The Physical Therapy Exercise Prescription Framework: 10 Observational Essentials

Updated: Jan 11

Have you ever wondered how physical therapists decide what exercises to prescribe for your plan of care?


In this video blog series, we’ll be discussing the “10 Observational Essentials,” which are considerations for any movement or task analysis, or exercise prescription.

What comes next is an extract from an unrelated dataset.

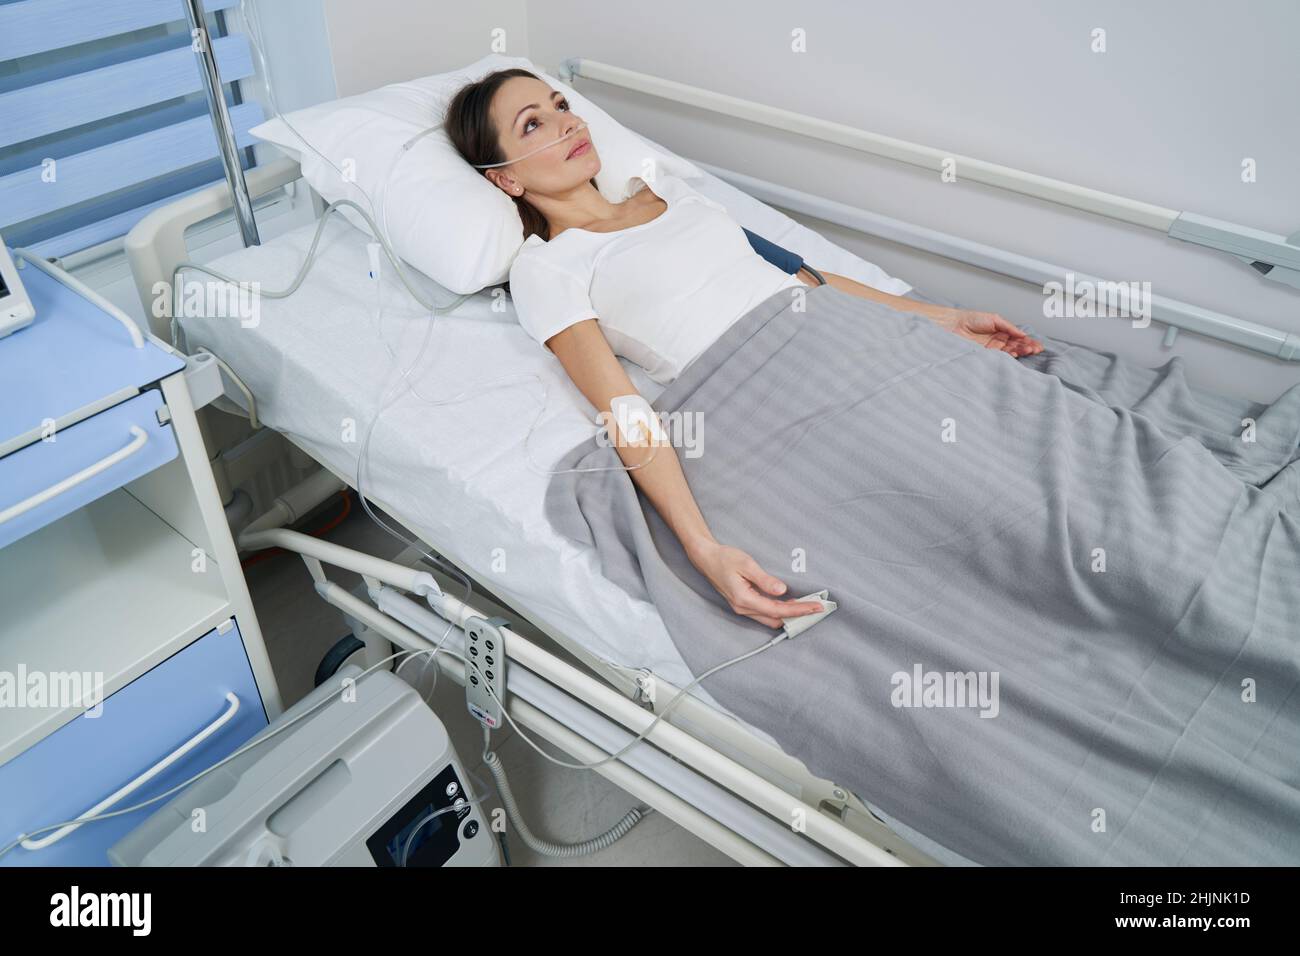 Patient connected to oxygen concentrator during intravenous therapy Stock Photo

Learning these ten essential concepts and “tweaks” can improve the variability of movements and exercise to help people prevent injuries, rehabilitate, and improve performance.


There’s no such thing as a bad exercise, only poorly-prescribed exercises. I think modifying and tweaking these ten components is what sets Applied Functional Science (AFS) apart and makes it different and unique. When rationalizing exercise prescription, the answer shouldn’t be, “I saw it online, it’s on the protocol, it looked cool," but instead using these 10 tweaks to create the desired chain reaction to improve function. The first of these observation essentials is action.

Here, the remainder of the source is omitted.